Wednesday, January 8, 2025

Meeting My Sheikh- Sidi Sheikh Muhammad Al-Jamal



 In 1979, I sat on a bluff on the Mount of Olives, overlooking the Dome of the Rock.  This stunning mosque is the third holiest in Islam.  Nearby was the Wailing Wall, which was all that remained of the Jewish Temple in Jerusalem, which the Romans destroyed in 67 AD.  Both places had attracted legions of worldwide pilgrims for thousands of years.



I felt depressed and lonely. Maybe I was a little drunk. During the last several weeks of traveling across Europe alone, I developed a fondness for wine. I loved it more than I care to admit.

Jerusalem was the last city on the journey. Many people consider it the Holy City. 

It draws countless pilgrims seeking truth. People who connected with important events also took place there in the three Abrahamic religions: Judaism, Christianity, and Islam.

Perhaps for New Age seekers like myself, it is a site that might be attractive simply because of all those holy people and events—not necessarily because one is an adherent, in a traditional sense, of any of the three.


I came across some interesting things I appreciated, but a vaguely imagined hope for some revelatory spiritual experience in Jerusalem apparently would not happen.  

And just seeing buildings and art wasn't all that great, either.  At least not by oneself.

I viewed myself as a spiritual seeker. I grew up on the San Francisco Mid-Peninsula in the 1960s, during which time I tried psychedelics.
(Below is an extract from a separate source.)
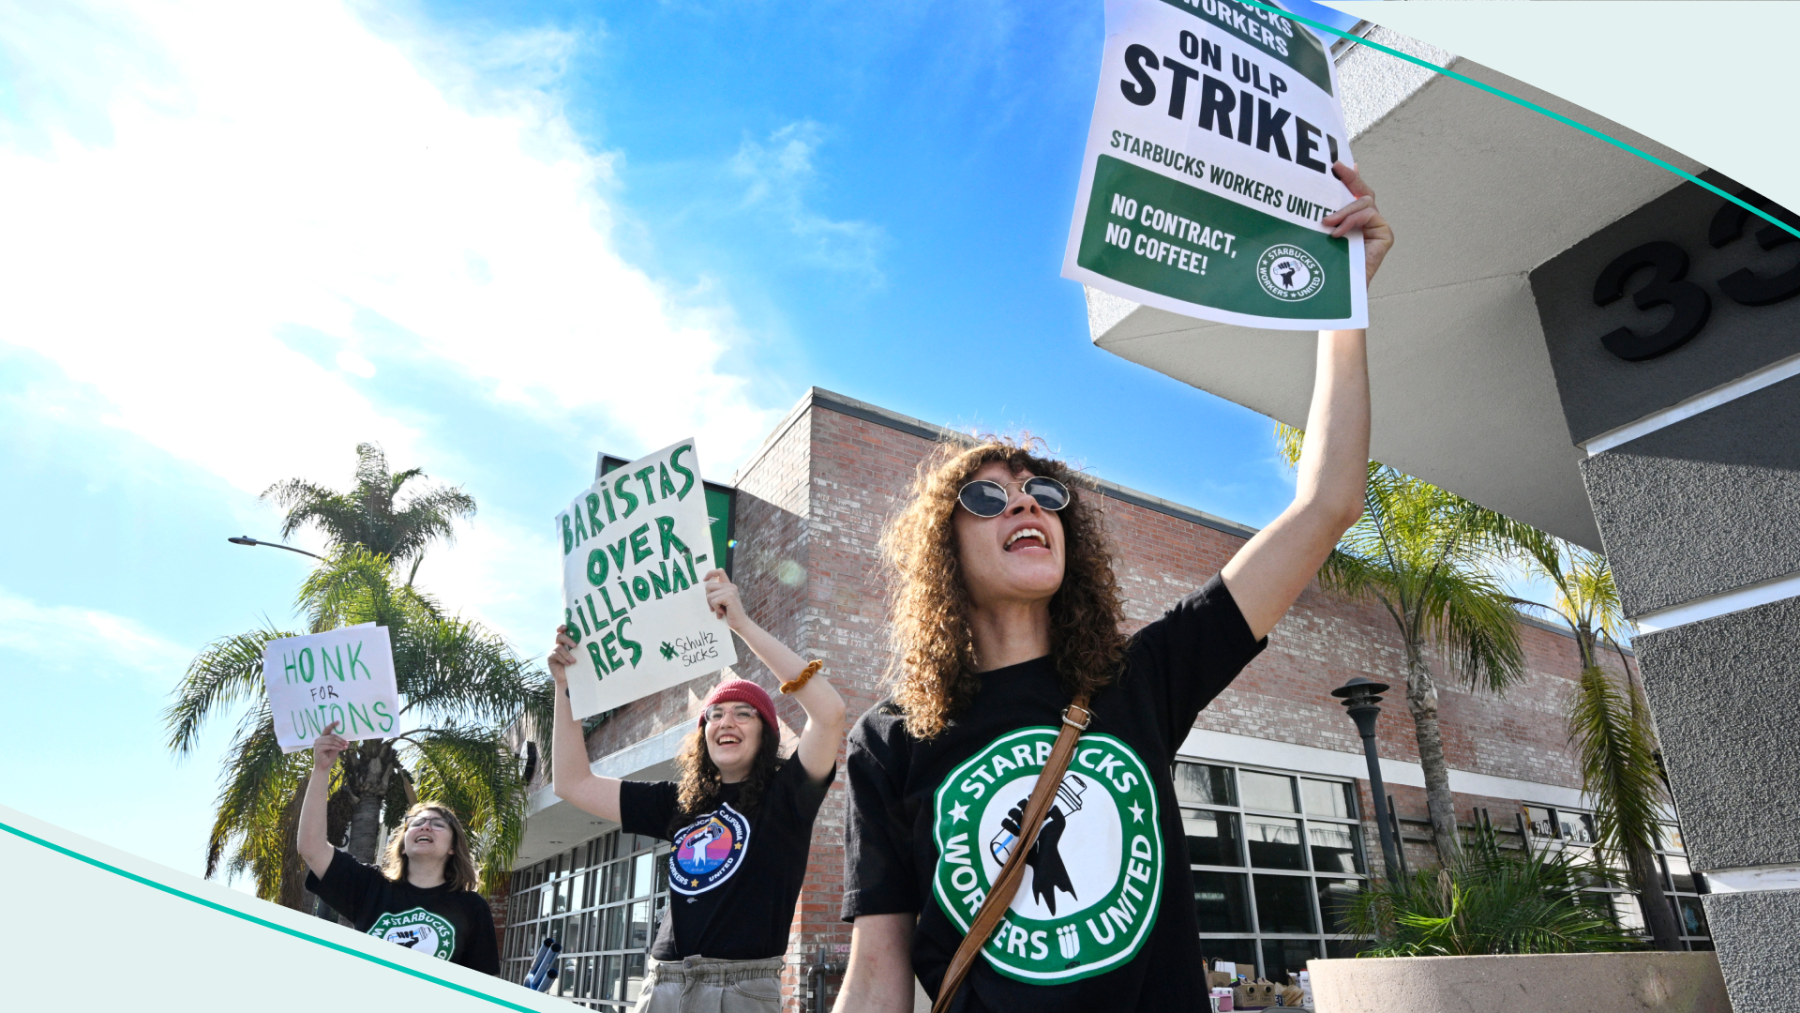 Starbucks employees hold picket signs as they strike in front of a Starbucks store.

I also frequently attended concerts of the SF Music Scene, including The Grateful Dead, Jefferson Airplane, and Big Brother. 


Those carefree times are difficult to imagine today.  We young people thought we were going to change the world.  In the meantime, we'd get VERY HIGH on LIFE and other substances, including shared joints and communal jugs of wine. 
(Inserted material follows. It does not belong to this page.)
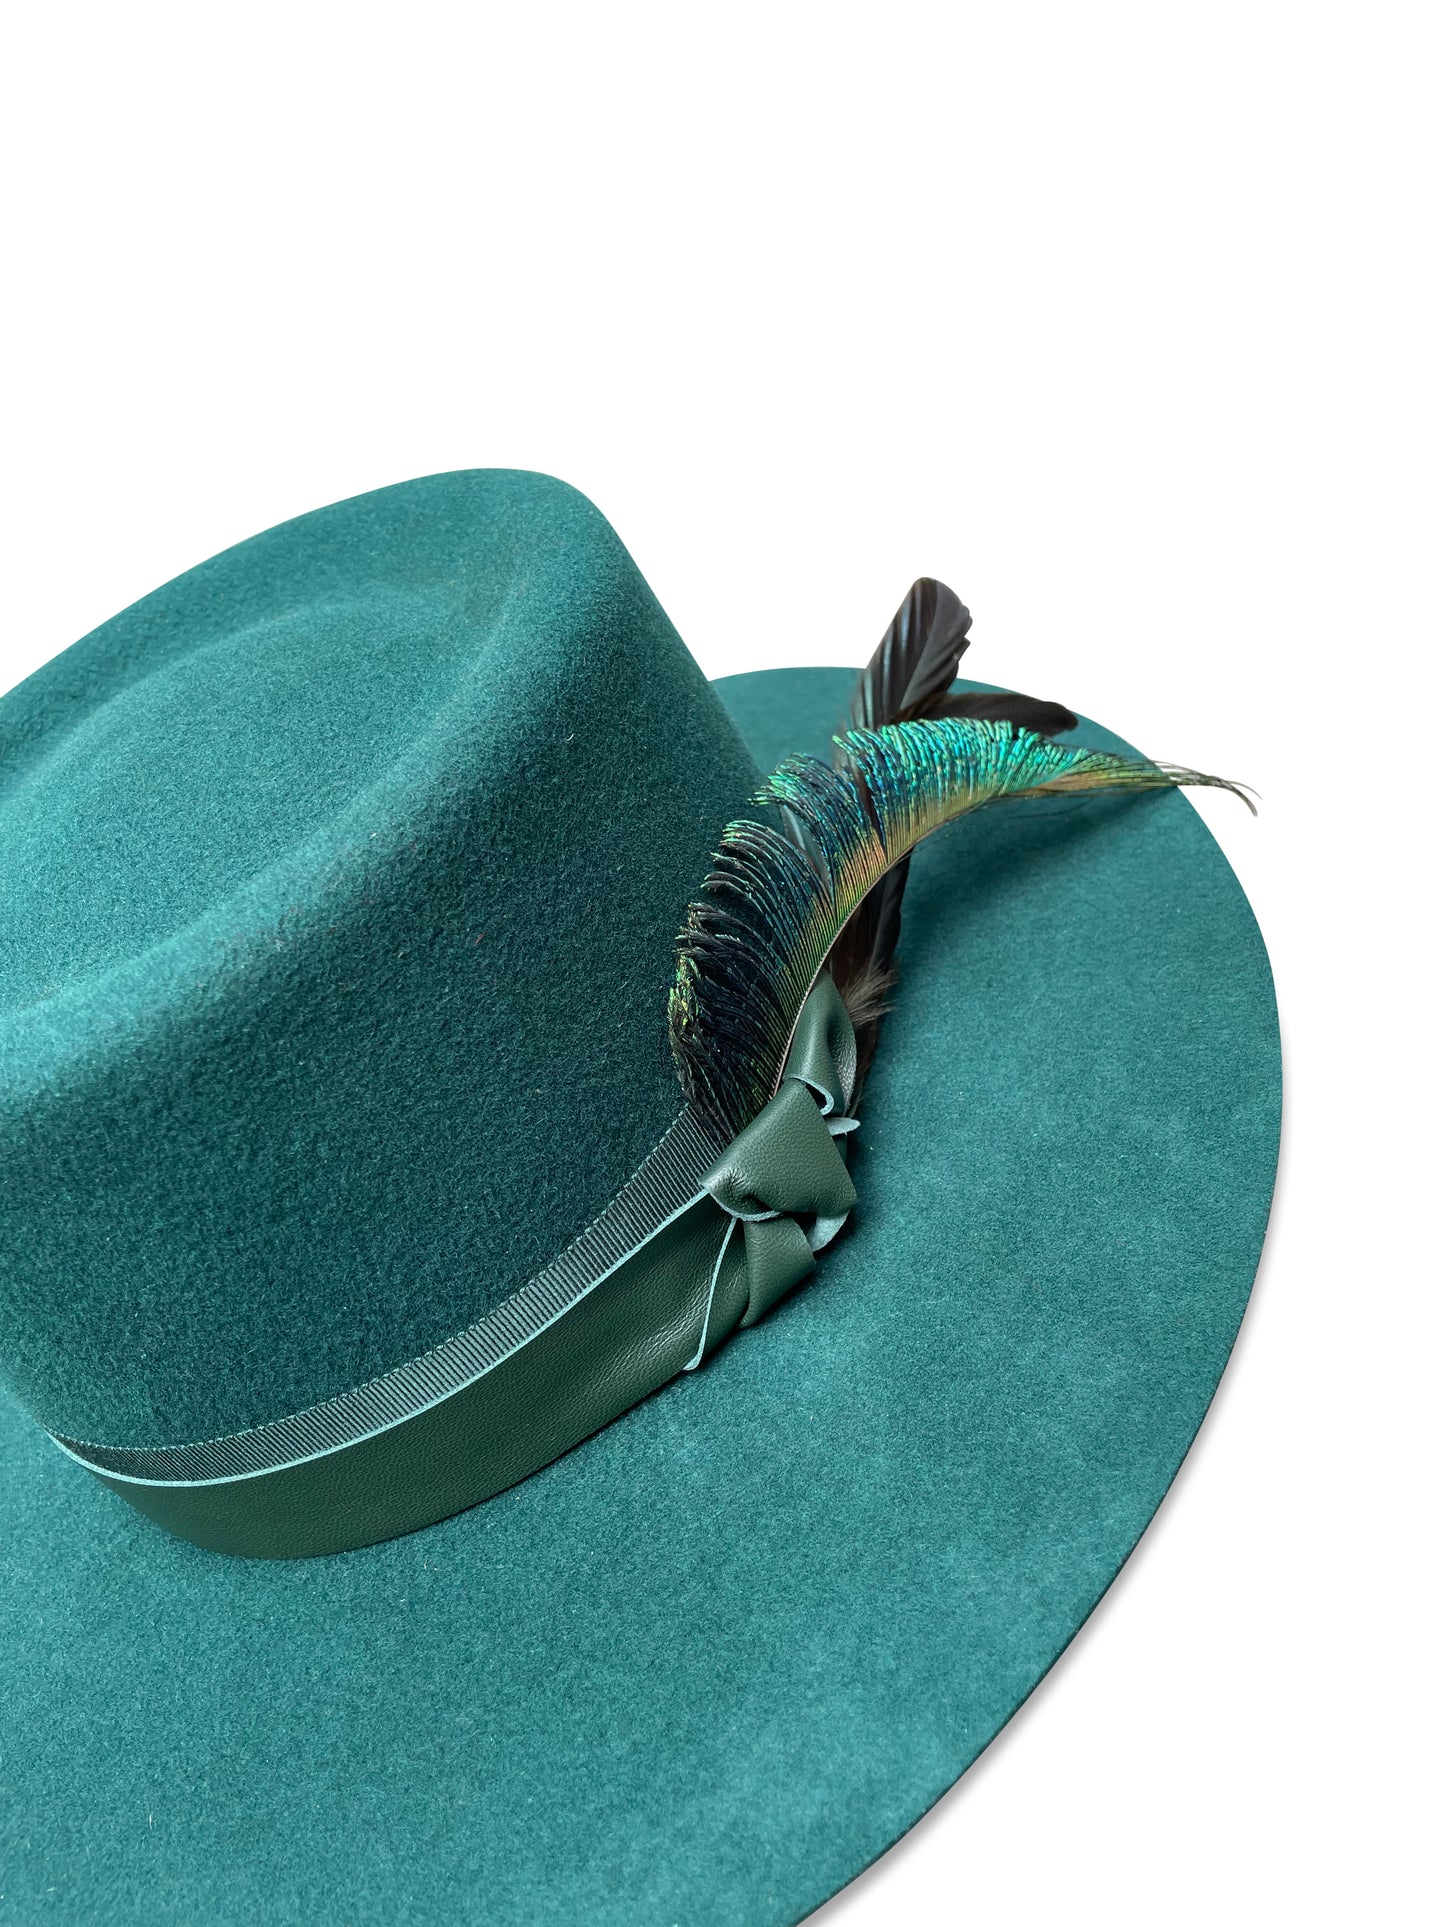 Green gambler-style wool felt hat with grosgrain and lambskin trim, featuring a peacock sword feather, from Cha Cha's House of Ill Repute

We trusted every kid with long hair!  Once, somebody started throwing unknown pills into the audience at a rock concert.  I instantly took one.



The Carefree 1960's


Though it threw me into a dissociative blackout for several hours, it never occurred to me that I was naive to trust someone who offered free drugs at a concert.  I thought maybe my own head wasn't in the right place. (I later understood that I had taken Angel Dust or PCP. A powerful and dangerous horse tranquilizer.)



I approached spirituality with the same abandon. While this led me to at least ONE serious group—that of a branch of Chinese Zen Buddhism—it also led me down some blind alleys, like the three months I spent as a shaved-head, traveling monk in the Hare Krishna Movement.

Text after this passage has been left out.